Free Access
Issue
A&A
Volume 564, April 2014
Article Number L15
Number of page(s) 6
Section Letters
DOI https://doi.org/10.1051/0004-6361/201423435
Published online 17 April 2014

© ESO, 2014

1. Introduction

Despite the huge progress in developing instrumentation and observational techniques during the past decade, the study of extrasolar planets’ properties via direct observations is still a very difficult task, and the precise study and characterization of known extroplanets cannot be dissociated from the study of planet host stars.

The connection between stellar and planetary properties has been widely explored. In particular, the very first correlation observed in this field of research, that of giant-planet – metallicity (e.g., Gonzalez 1997; Santos et al. 2001, 2004; Fischer & Valenti 2005; Sousa et al. 2011), was one of the most important constraints on planet formation theories (e.g., Mordasini et al. 2009). Afterwards it was shown that not only does the presence of planets correlate with metallicity (usually abundance of iron), but planet-host stars also show a systematic enhancement of other elements (e.g., α-elements – Haywood 2008a; Adibekyan et al. 2012a,b). More recently, several studies have revealed that stellar metallicity also plays an important role in the architecture of planetary orbits (e.g., Dawson & Murray-Clay 2013; Beaugé & Nesvorný 2013; Adibekyan et al. 2013b).

Naturally, this connection is bidirectional: not only do stellar properties play an important role in planet formation and evolution, but the planet formation can also have an impact on stellar properties. As an example, Israelian et al. (2009) and Delgado Mena et al. (2014) find strong evidence that solar analogs with planets show enhanced Li depletion compared to their non-host counterparts. The studies mentioned above are not the only ones. Recently, Meléndez et al. (2009) have claimed that the Sun shows a deficiency in refractory elements with respect to other solar twins probably because they were trapped in the terrestrial planets in our solar system. The same conclusion has also been reached by Ramírez et al. (2009) who analyzed 64 solar twins and analogs. However, recent results by (González Hernández et al. 2010, 2013 – GH10,13) strongly challenge the relation between the presence of planets and the abundance peculiarities of the stars. Other works also have examined this possible connection between the chemical peculiarities and formation of planets (e.g., Smith et al. 2001; Ecuvillon et al. 2006; Gonzalez et al. 2010; Gonzalez 2011; González Hernández et al. 2011; Schuler et al. 2011; Ramírez et al. 2014).

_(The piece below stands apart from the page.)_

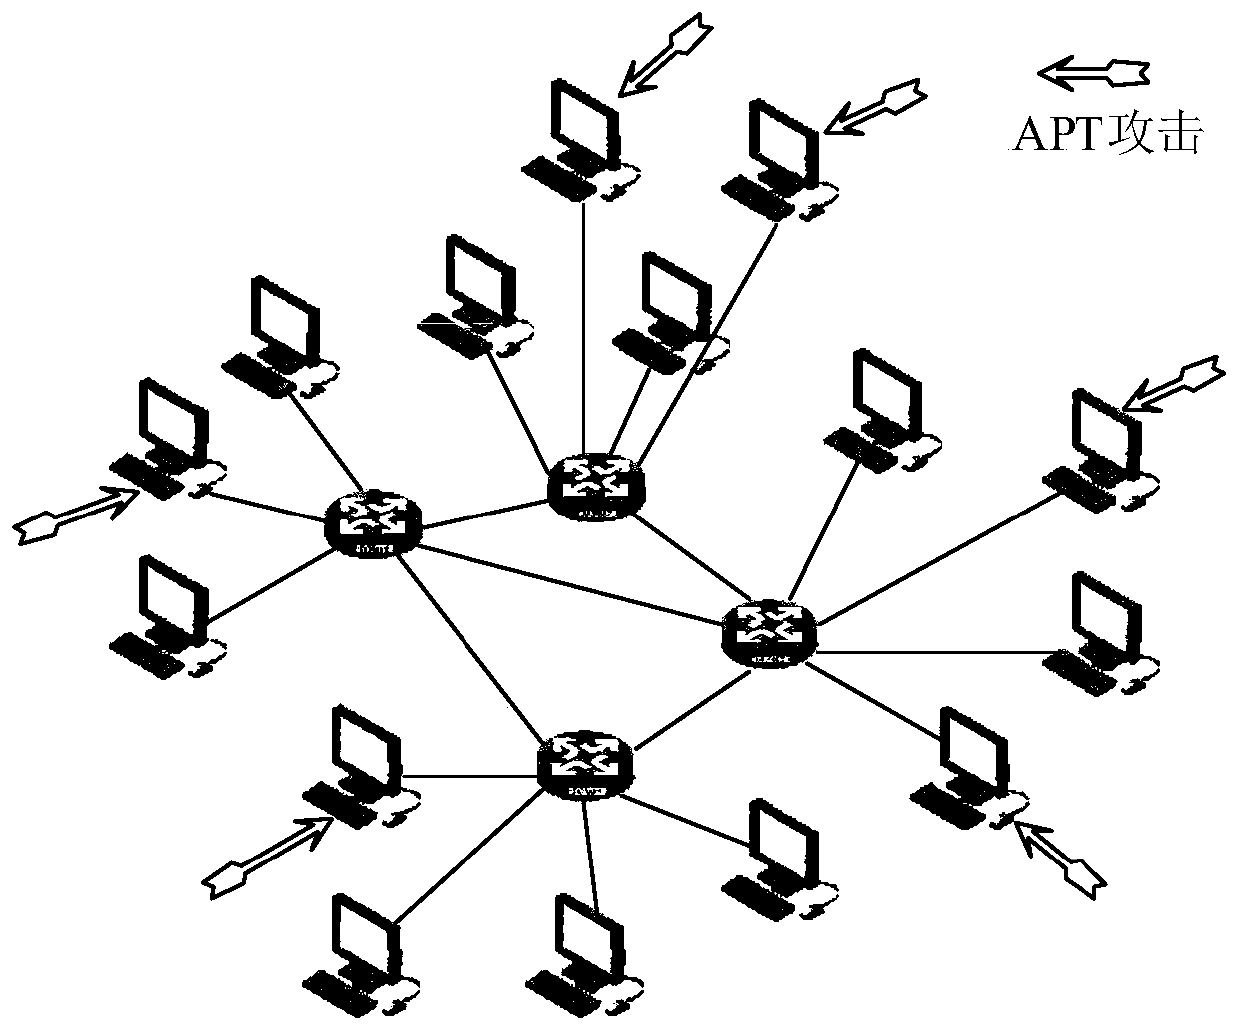 Network defense resource optimal allocation method for advanced persistent threats

In this Letter, we explore the origin of the possible trend observed between [X/H] (or [X/Fe]) and condensation temperature (Tc) using a sample of 148 solar-like stars.

2. Data

Our initial sample is a combination of two samples of solar analogs (95 stars) and “hot” analogs (61 stars) taken from GH10,13. We have cross-matched this sample with the Geneva-Copenhagen Survey sample (GCS- Nordström et al. 2004), for which Casagrande et al. (2011) provides the Galactic orbital parameters, the space velocity components, and the ages of 148 of the stars considered in our study1. Fifty-seven of these stars are planet hosts, while for the remaining 91 no planetary companion has been detected up to now.

The stellar atmospheric parameters and the slopes of the Δ[X/Fe]SUN−star versus Tc were derived using very high-quality HARPS spectra2. Twenty-five elements from C (Z = 6) to Eu (Z = 63) have been used for this analysis. These slopes are corrected for the Galactic chemical evolution trends as discussed in GH10,13.

The stars in the sample have effective temperatures 5604 K ≤ Teff ≤ 6374 K, metallicites − 0.29 ≤ [Fe/H] ≤ 0.38 dex, and surface gravities 4.14 ≤ log  g ≤ 4.63 dex. Throughout the Letter we defined solar analogs as stars with; Teff = 5777 ± 200 K; log  g = 4.44 ± 0.20 dex; [Fe/H] = 0.0 ± 0.2 dex. Solar twins are defined as with; Teff = 5777 ± 100 K; log  g = 4.44 ± 0.10 dex; [Fe/H] = 0.0 ± 0.1 dex. Fifteen out of 58 solar analogs in this sample are known to be orbited by planets and three out of 15 solar twins are planet hosts.

We would like to point out that stellar parameters derived in GH10,13 and in Casagrande et al. (2011) are in perfect agreement (ΔTeff =  −8 ± 50 K, Δlog  g = 0.06 ± 0.07 dex, and Δ[Fe/H] = − 0.02 ± 0.06 dex), which means that the ages derived in Casagrande et al. (2011) are indeed coherent with the rest of the observables.

Table 1

Significance levels of the obtained correlations.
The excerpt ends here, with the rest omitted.